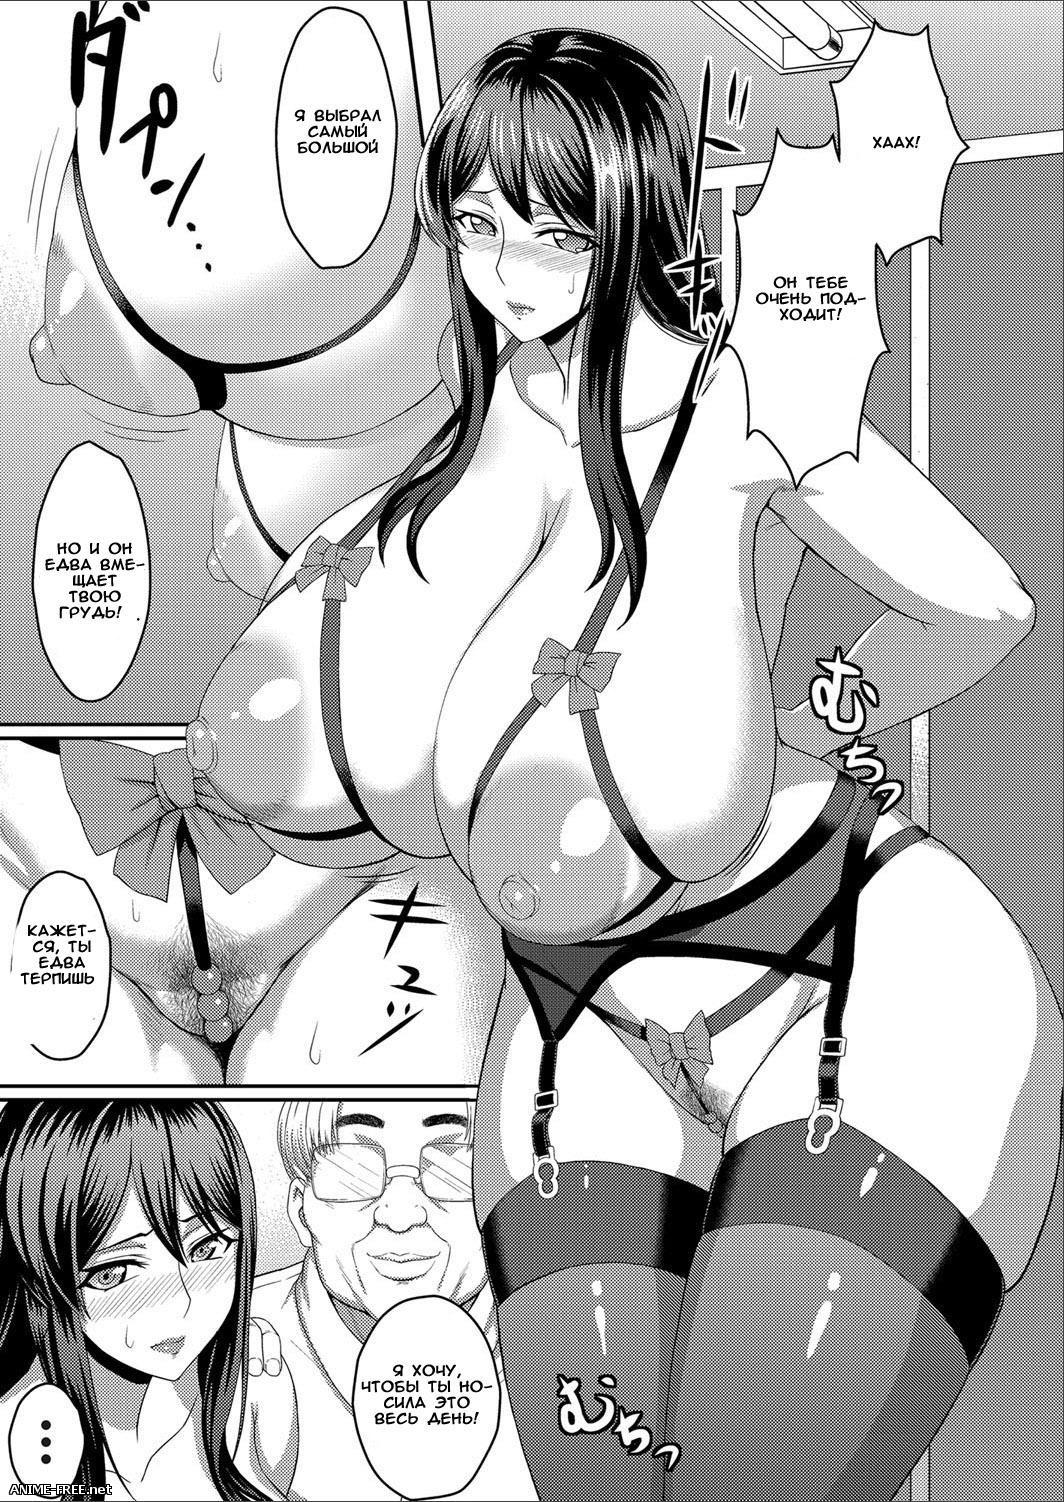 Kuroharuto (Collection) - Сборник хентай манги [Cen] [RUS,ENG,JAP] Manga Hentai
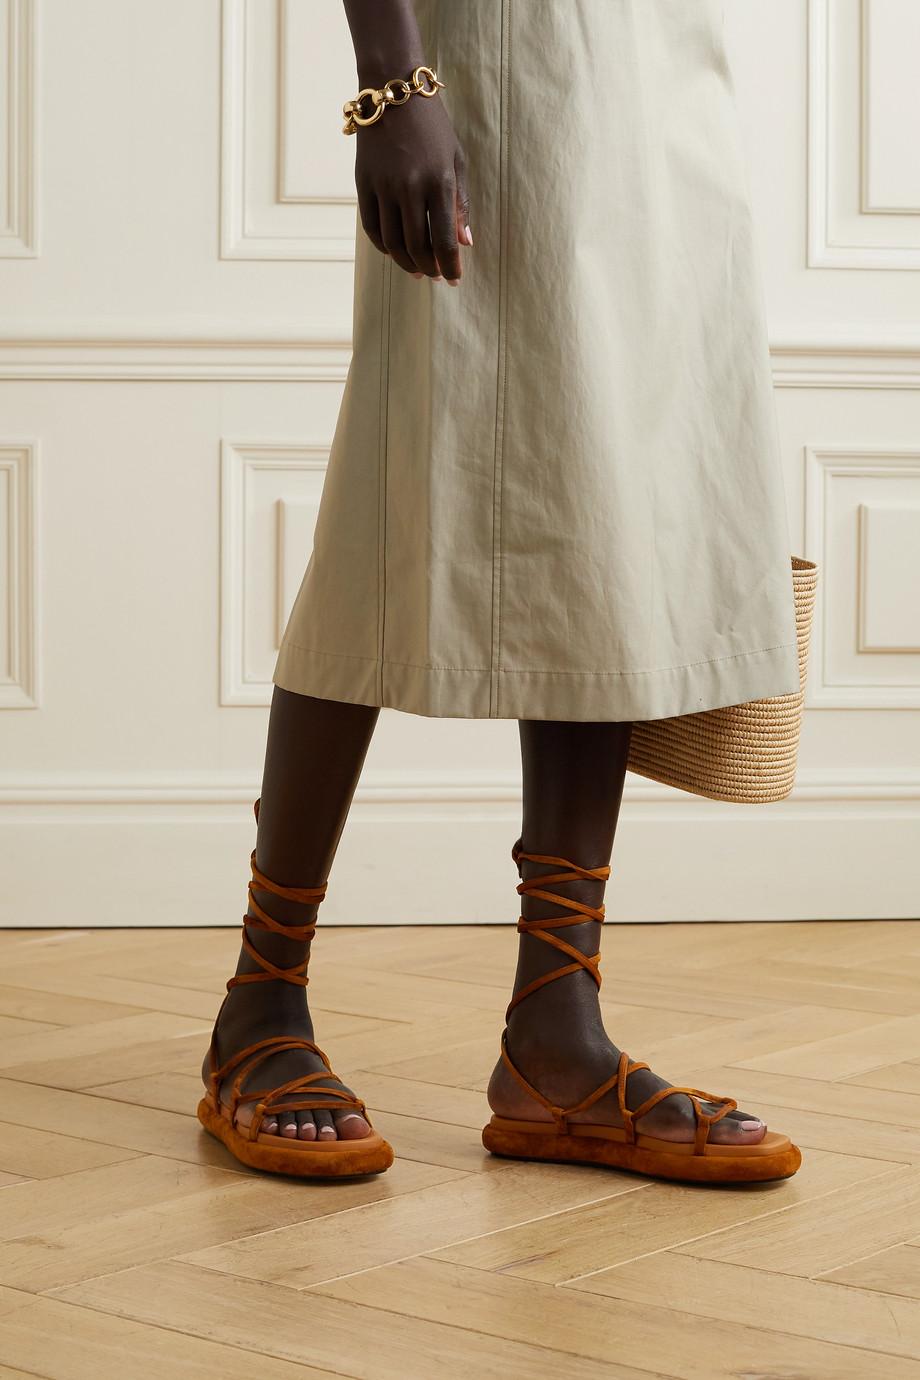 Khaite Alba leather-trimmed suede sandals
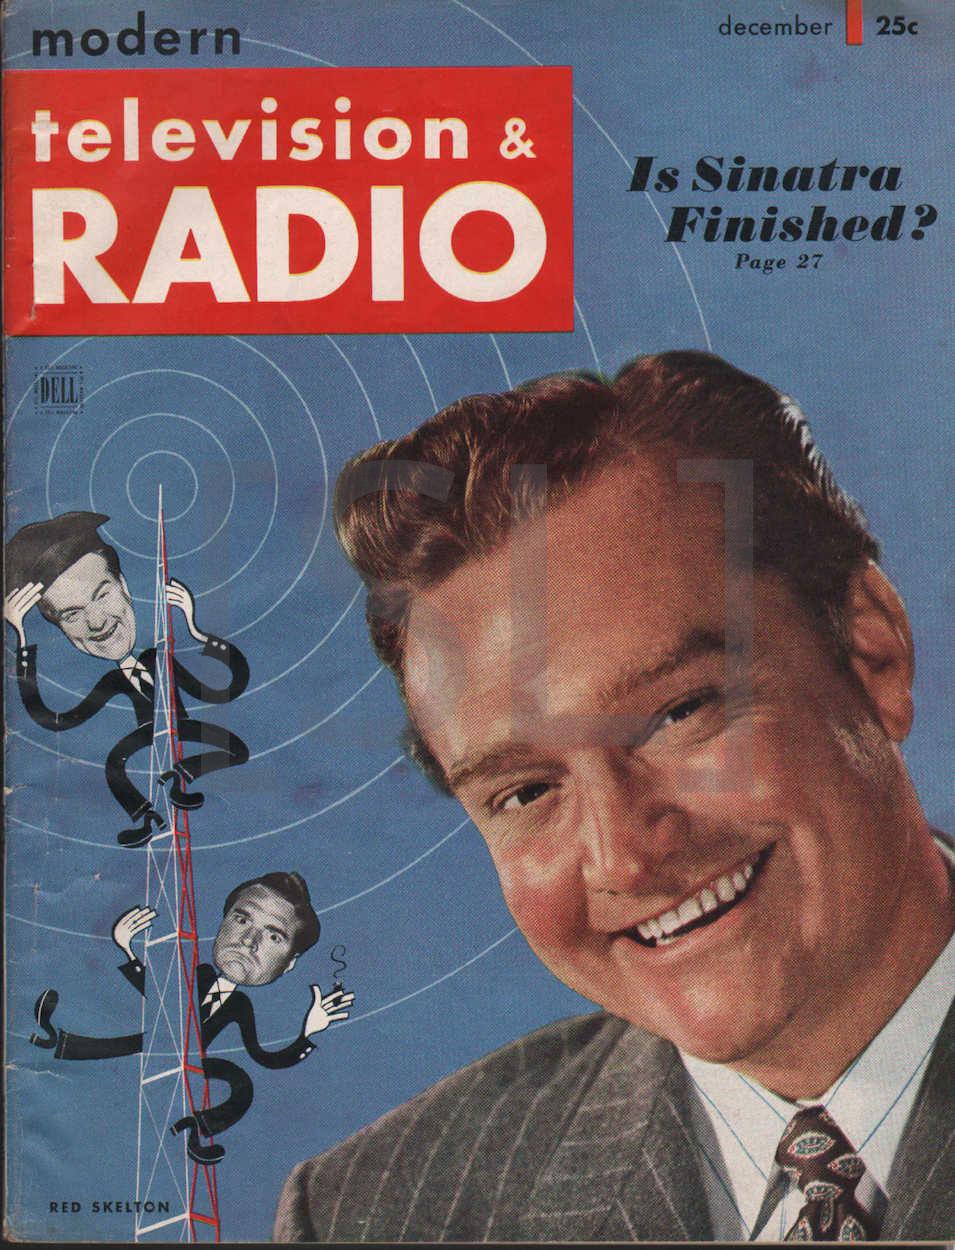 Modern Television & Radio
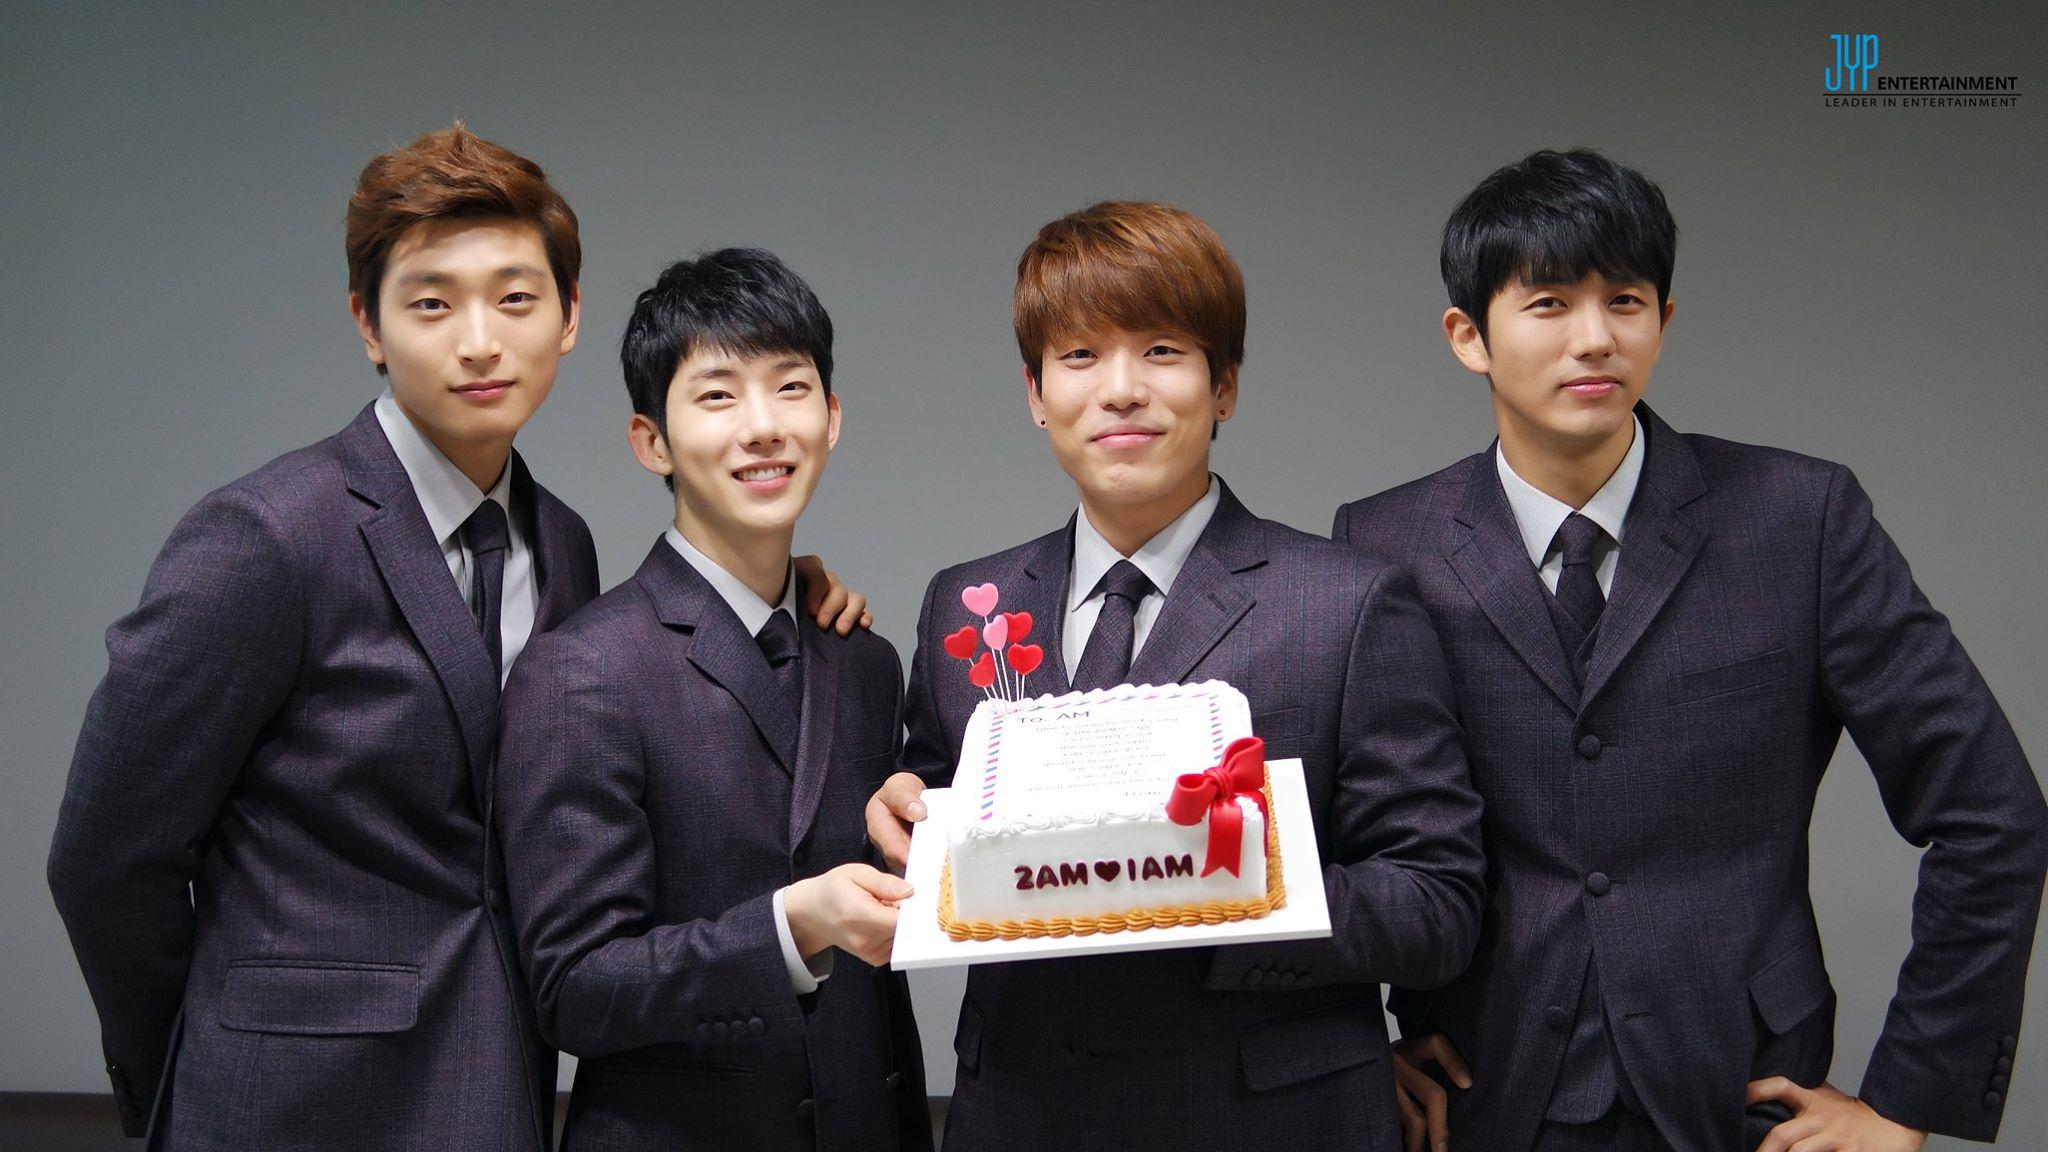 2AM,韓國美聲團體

◆ **YOUR OBJECTIVE**
Copy the lines above exactly. Do not include pictures.

◆ **SOLUTION**
 Kuroharuto (Collection) - Сборник хентай манги [Cen] [RUS,ENG,JAP] Manga Hentai
 Khaite Alba leather-trimmed suede sandals
 Modern Television & Radio
 2AM,韓國美聲團體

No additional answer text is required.